Когда бык подошел достаточно близко, чтобы нас узнать, он понял, что опасности нет, и вернулся к своим коровам.

Мы добрались до ручья, я закинул удочку, а Джига побежал вверх по течению посмотреть, что там есть. Я поймал несколько рыбешек, не очень больших. Рыба плохо клевала, и мне стало скучно. Я люблю ловить рыбу, но, чтобы было интересно, нужно много поймать.

Поэтому я стал размышлять о всяком. Я подумал: что, если взять какую-нибудь площадь — скажем, сто квадратных футов — и как следует ее рассмотреть, сколько на ней можно найти разных растений? Я посмотрел на клочок земли рядом с собой и увидел обычную пастбищную траву, несколько одуванчиков, щавель, парочку фиалок и лютик, которые еще не расцвели.

И вдруг, глядя на одуванчик, я понял, что вижу его полностью, а не только ту часть, что над землей!

Не знаю, сколько времени я смотрел на него, пока до меня это дошло. И я не уверен, что "видеть" — это точное слово. "Знать", наверное, правильней. Я знал, как растет в земле большое корневище одуванчика и как от него отходят ворсистые корешки; я знал, куда тянутся все эти корни и как они впитывают воду и минералы из земли, как в корнях образуются запасы и как одуванчик использует солнечный свет, чтобы сделать из них для себя пищу. Но самое смешное во всем этом было-то, что ничего такого я раньше не знал.
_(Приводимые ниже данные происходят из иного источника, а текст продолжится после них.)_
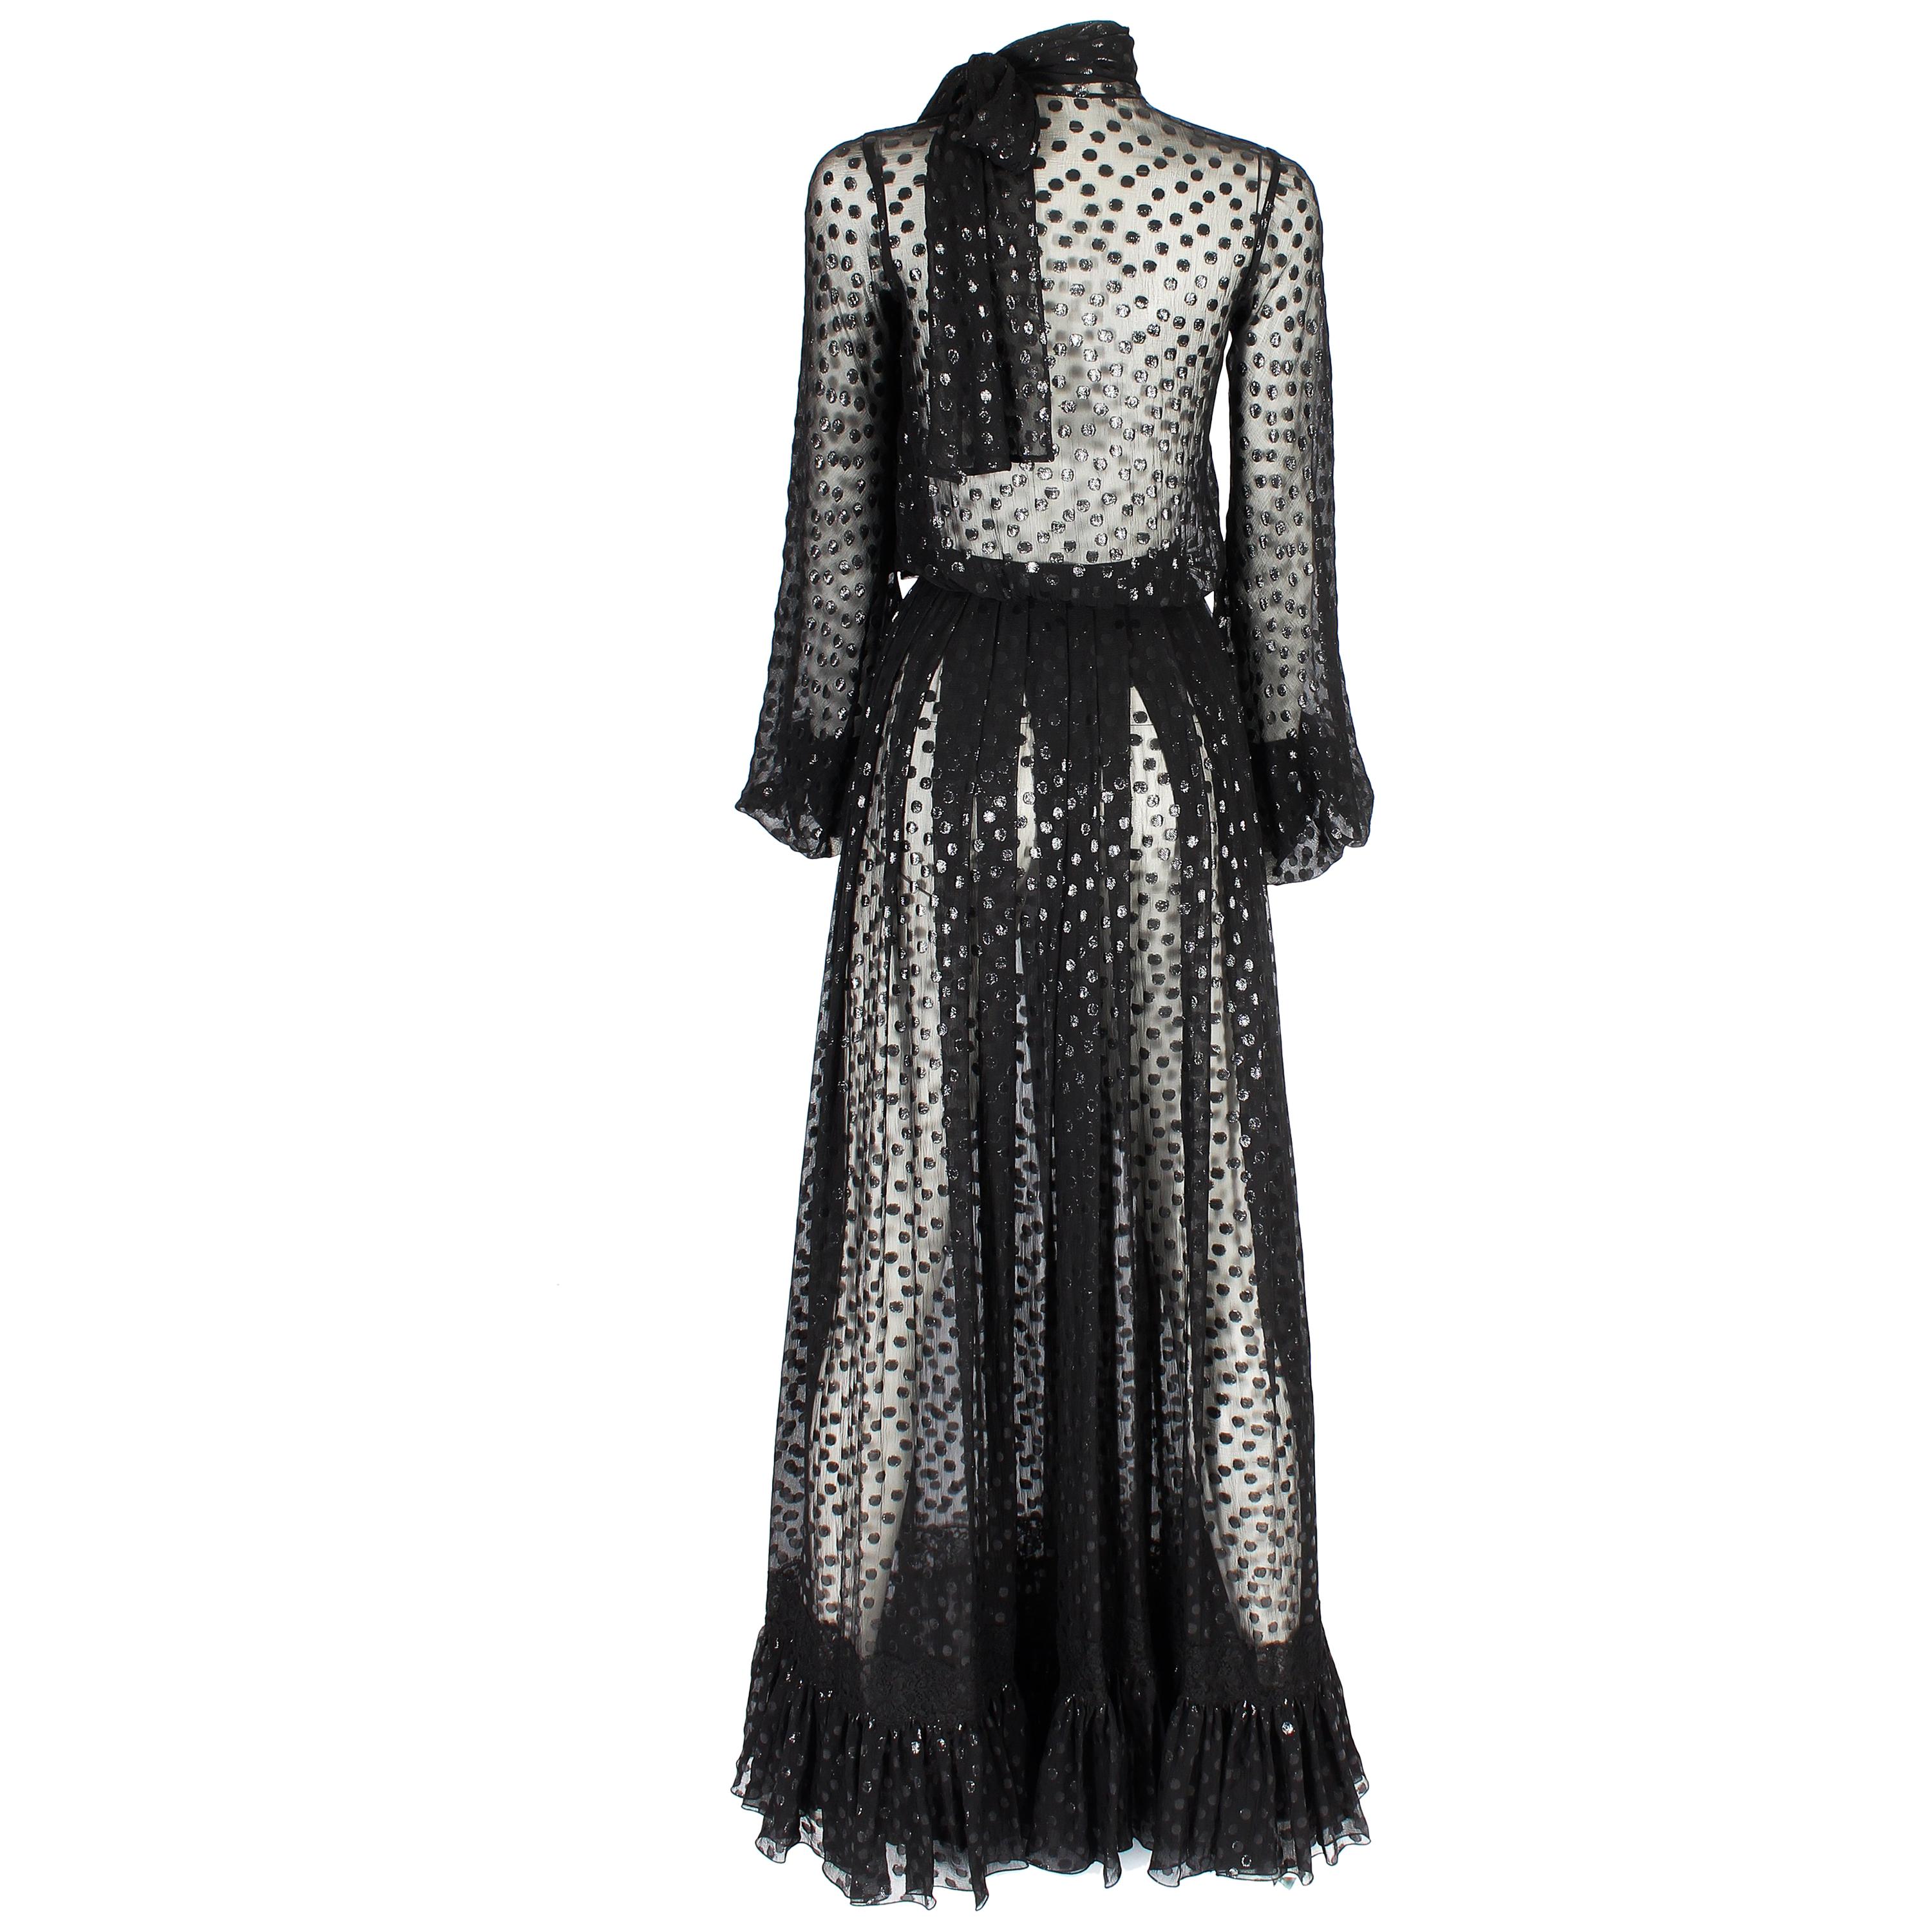 Jean Louis Scherrer haute couture black polka dots sheer evening gown, f/w 2005
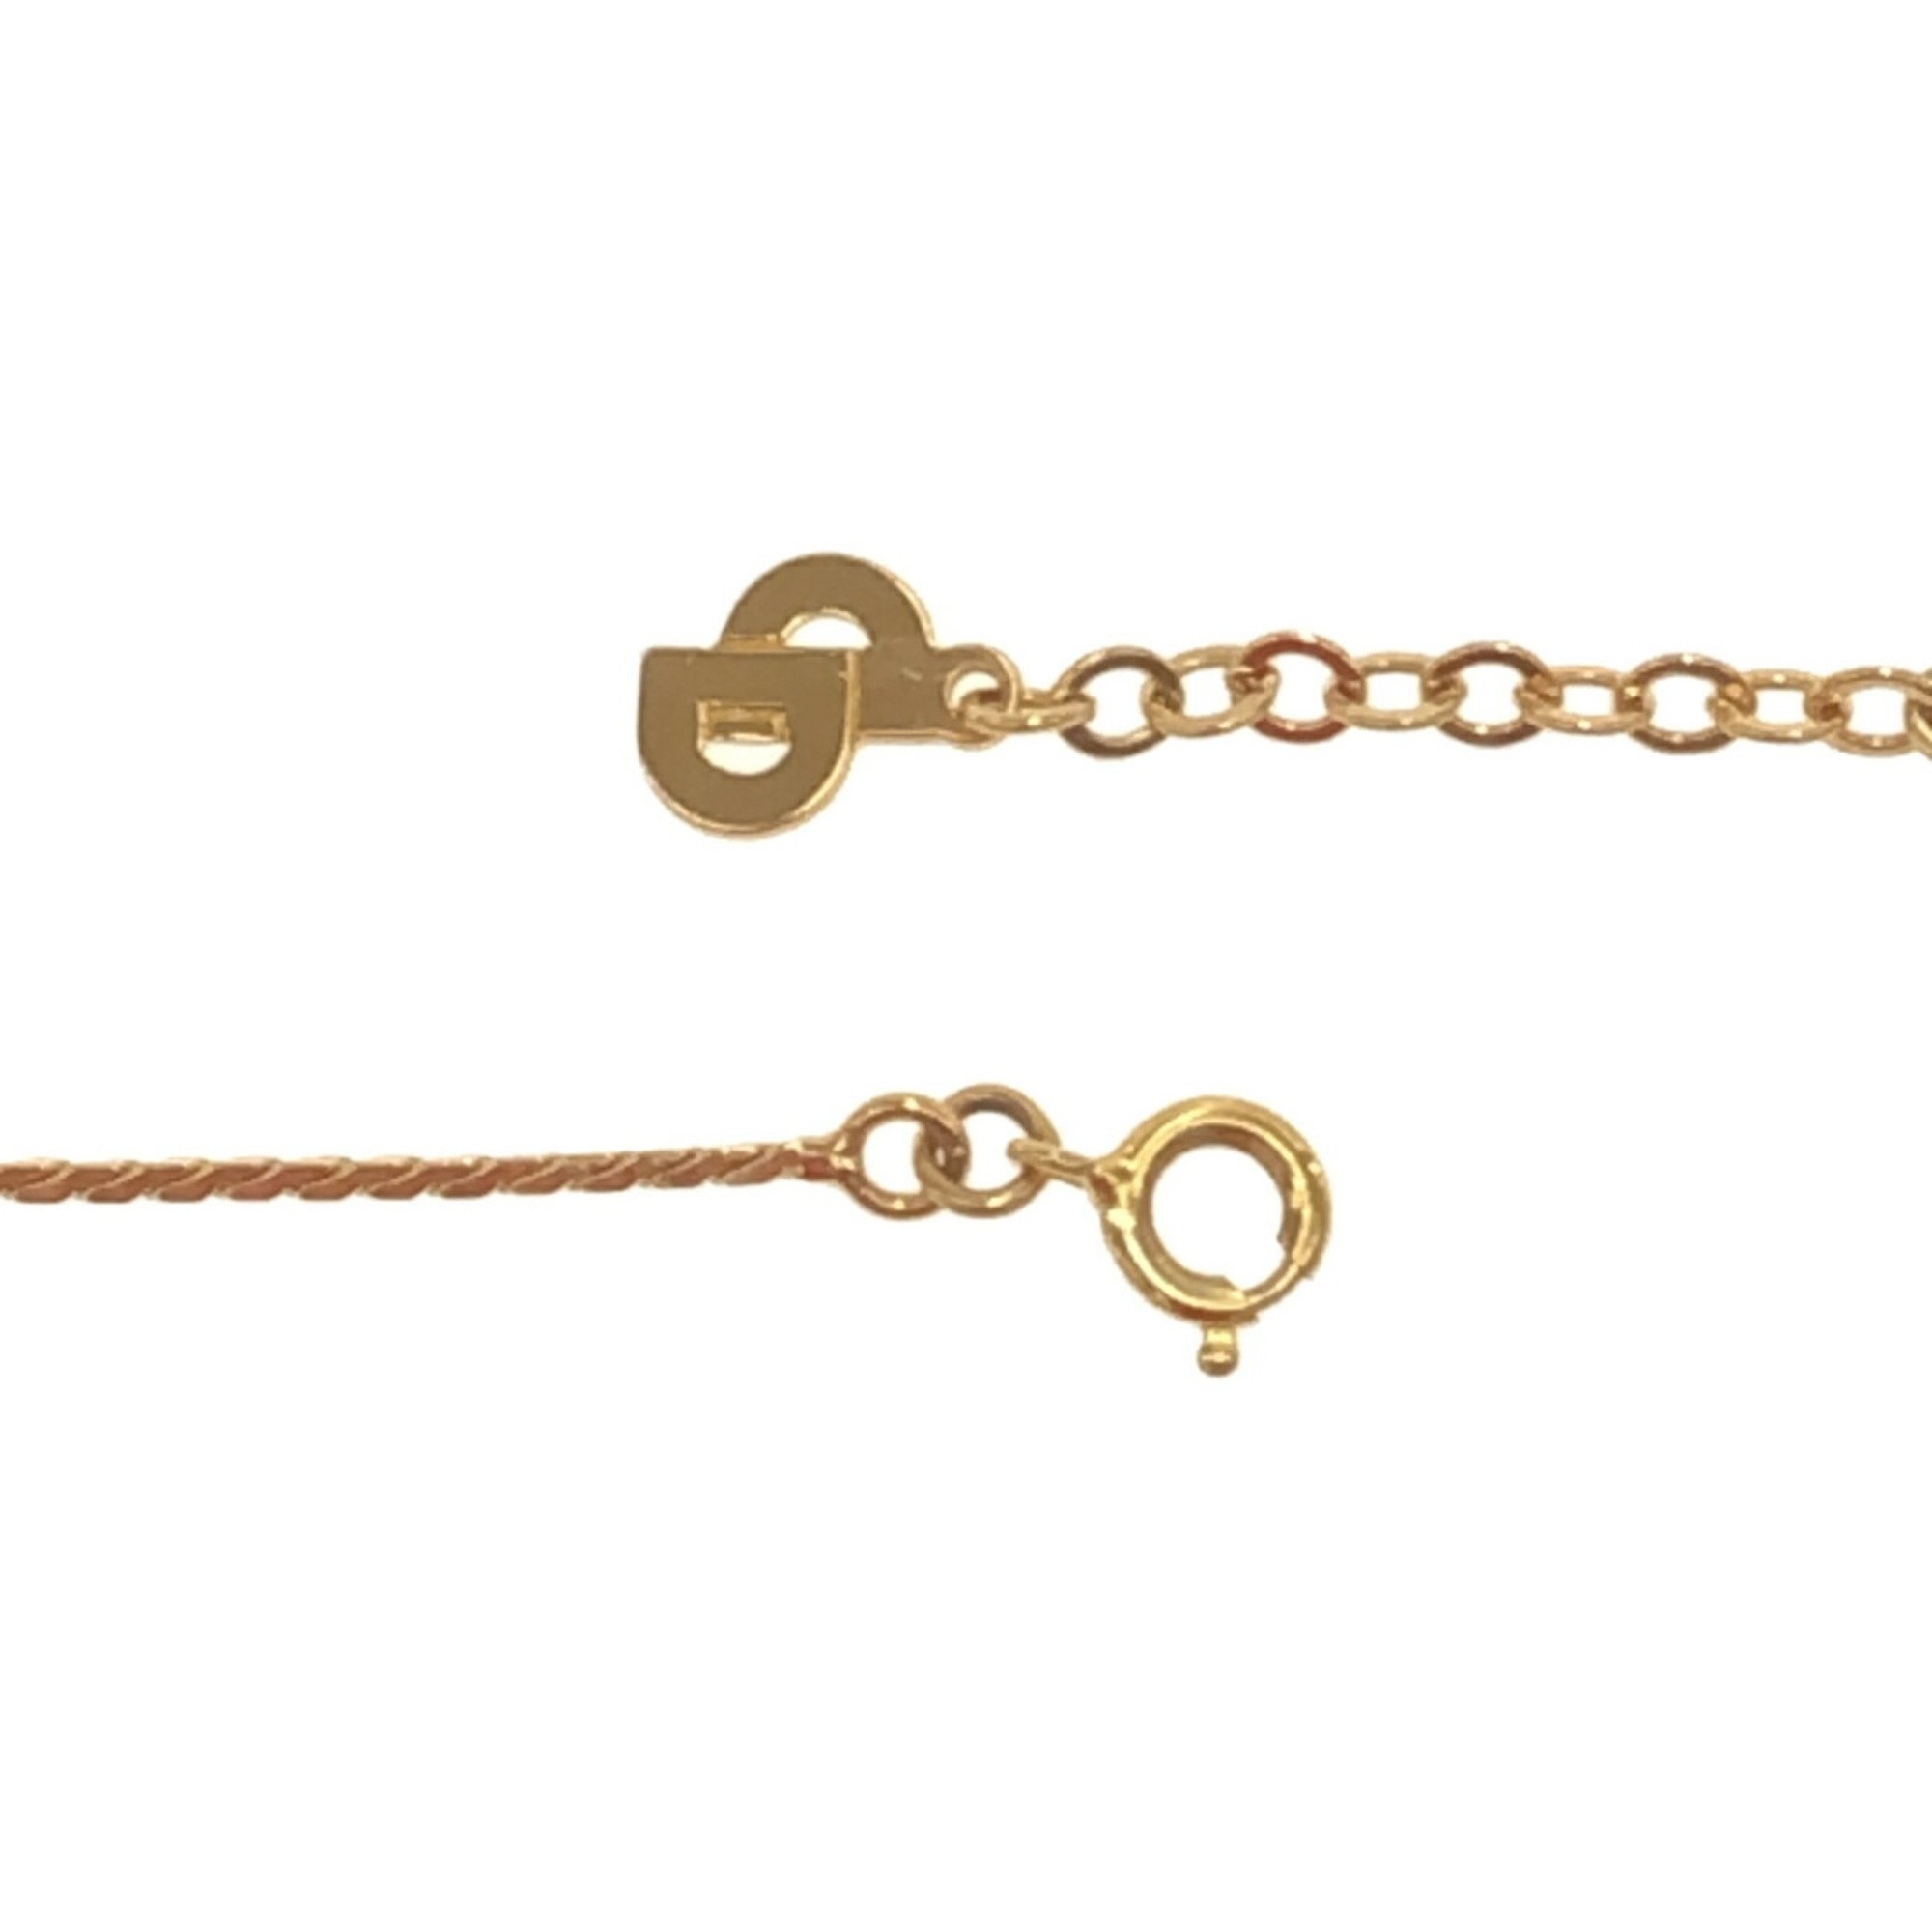 Christian Dior CD Necklace Gold Stone Ladies vintage IT4SJZ4L0G5O RM1039R

Я смотрел на другие растения и видел то же самое. Я подумал, не случилось ли у меня что-нибудь с глазами и не стоит ли мне оторваться от растений и посмотреть куда-нибудь вдаль. Так я и сделал, и все прошло.

Но когда я снова попытался увидеть корень одуванчика, я его увидел, как и в прошлый раз.

Я сел на землю и задумался. Почему раньше я ничего такого не видел, а теперь вижу? Размышляя об этом, я посмотрел в ручей и попытался увидеть, что там, в глубине. И увидел — ясно, как Божий день. Я заглянул на самое дно ямы, пошарил по всем закоулкам и знал теперь, где лежат большие голавли — больше, чем все рыбы в этом ручье.

Увидев, что моя наживка зависла далеко от рыб, я подвел ее прямо к носу самой большой. Но она будто и не заметила этого, а если и заметила, то не была голодной. Она шевелила своими плавниками и раздувала жабры.

Я опускал удочку, пока наживка не ударила ее по носу, но и это не подействовало.

И тогда я сделал ее голодной.

Не спрашивайте меня, как я это сделал. Я не знаю. Просто я как-то сразу понял, что могу, и как это делается. В общем, я сделал ее голодной, и она набросилась на наживку, как Джига на кость.